In den 1960er-Jahren begann außerdem eine zunächst hauptsächlich von theologischer Seite vorangetriebene Arbeit am Begriff der Spiritualität, die ihn aus dem christlichen Kontext herauslöst und auf die Heraushebung einer Dimension abzielt, die sich in verschiedenen Religionen und Weltanschauungen finden lässt und auf einem grundlegenden im Menschsein angelegten Potenzial beruht. In diesem Sinn definierte Hans Urs von Balthasar 1965 Spiritualität als die existentielle und handlungsbezogene Grundhaltung eines Menschen, die aus dem jeweiligen Verständnis des eigenen Lebens folgt, das sie emotional-stimmungsmäßig prägt. Von einem solchen weitgefassten Begriff von Spiritualität aus macht es Sinn, nicht nur von christlicher, sondern ebenso von buddhistischer oder etwa muslimischer Spiritualität zu sprechen und auch humanistisch-atheistische Grundhaltungen als spirituell zu bezeichnen. Dieser anthropologische Spiritualitätsbegriff wurde in den vergangenen Jahrzehnten nicht nur in den Theologien christlicher Konfessionen, sondern auch von Vertretern anderer Religionen und Weltanschauungen und in verschiedenen akademischen Disziplinen aufgegriffen, ergänzt und modifiziert, aber natürlich auch auf seine Schwachstellen abgeklopft.

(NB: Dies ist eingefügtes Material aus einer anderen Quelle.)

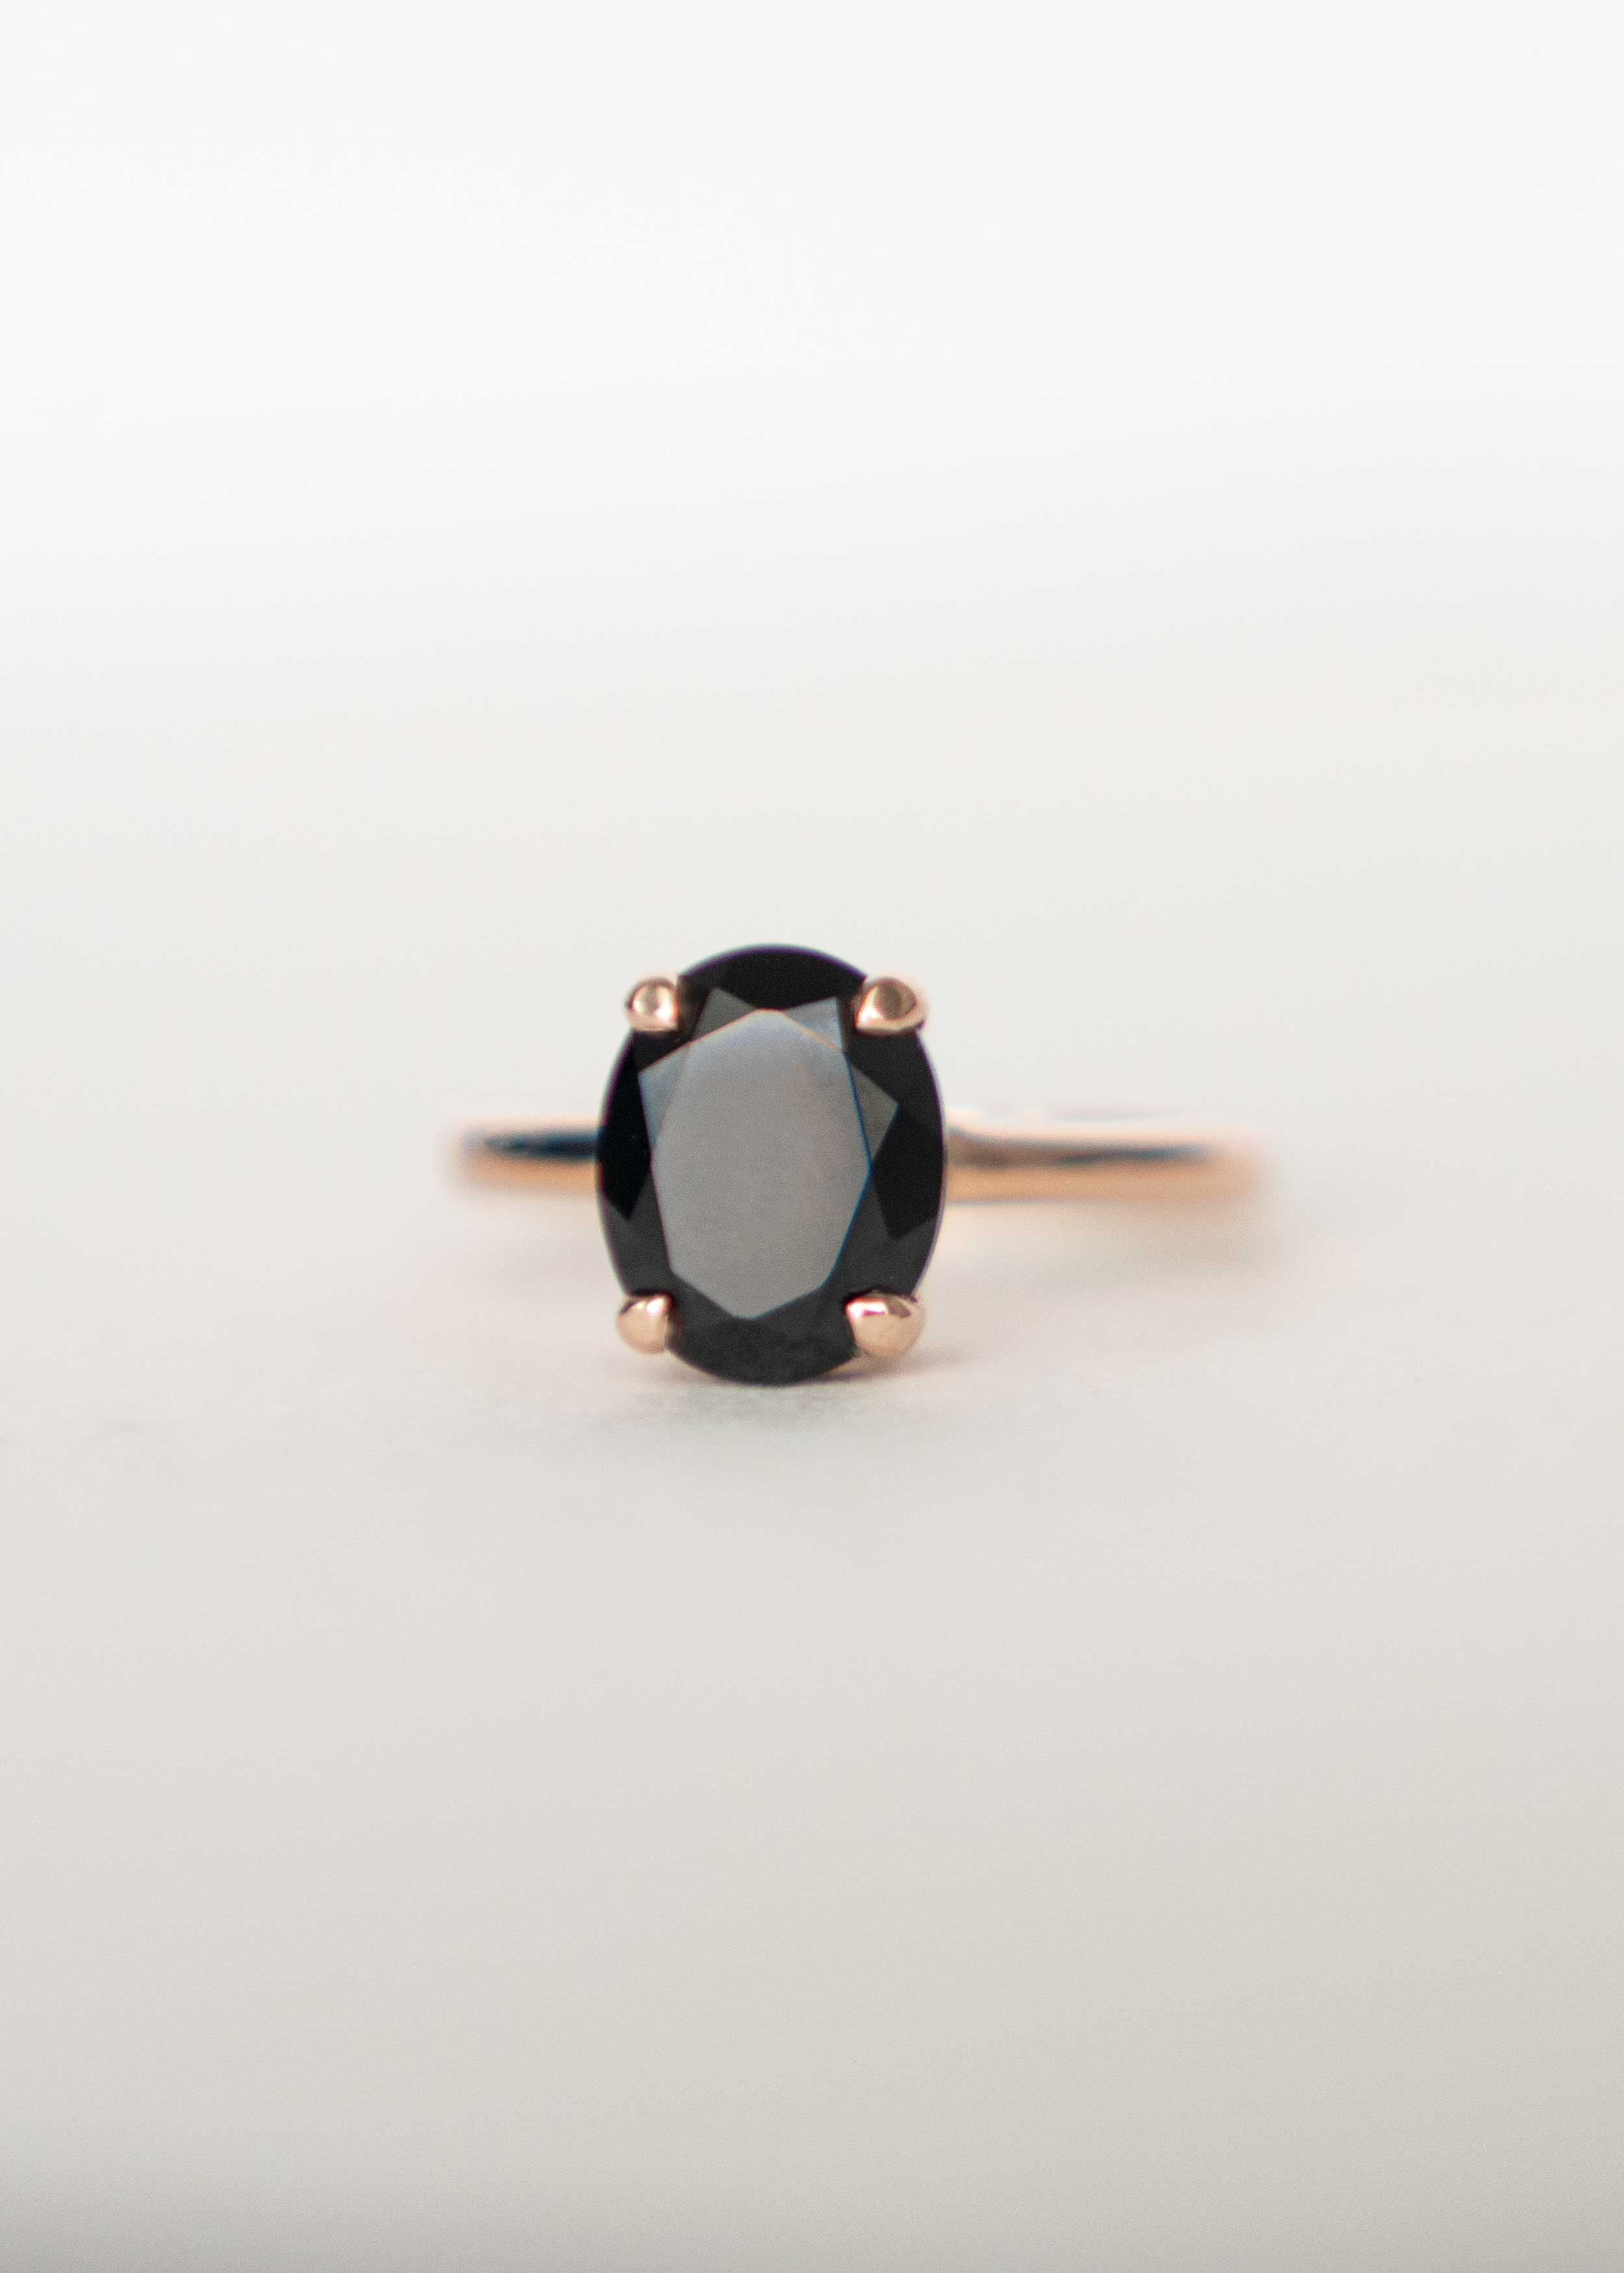 Black Onyx Gemstone Natural Genuine Rose Gold Large Statement Rings gifts for women

Situationen, in denen eine über die alltäglich-pragmatische Problembewältigung hinausgehende Frage nach dem, was ein menschliches Leben letztlich trägt, aufbricht und eine ihm angemessene Grundhaltung gefordert ist, ereignen sich vor allem an Brennpunkten unseres Lebens, die dem Getriebe von Arbeits- und Konsumwelt Einhalt gebieten, wo sich Einfallsschneisen der alten, unverwüstlichen ruach öffnen können: Da sind die Sternstunden, die unserem Leben Sinn verleihen, und die unscheinbaren Momente, in denen man innehält, um sich zu sammeln, um achtsam zu werden, wie man das heute gerne nennt. Hierher gehören aber auch die existentiellen Herausforderungen im Angesicht von Armut, Ungerechtigkeit, Verbrechen, tiefem Beziehungsleid und an die Substanz gehenden Interessenskonflikten sowie die Konfrontation mit unheilbaren Krankheiten und Tod. Deshalb wurde das Thema Spiritualität in Bereichen wie Psychotherapie, Sozialarbeit, Strafvollzug, Mediation, Palliativmedizin und Hospizarbeit aufgegriffen. Auch wenn das Rauschen des Medienwalds über einen angeblichen Megatrend in den vergangenen Jahren etwas leiser geworden ist und Spiritualität als Modewort schon in die Jahre kommen ist: Es geht dabei nicht um einen kurzfristigen Hype, sondern um einen stets aktuellen Themenkomplex, der unter dem Titel Spiritualität eine zeitgemäße Artikulation gefunden hat, die den Bedingungen einer pluralistischen Gesellschaft mit ihrer religiösen Individualisierung entspricht.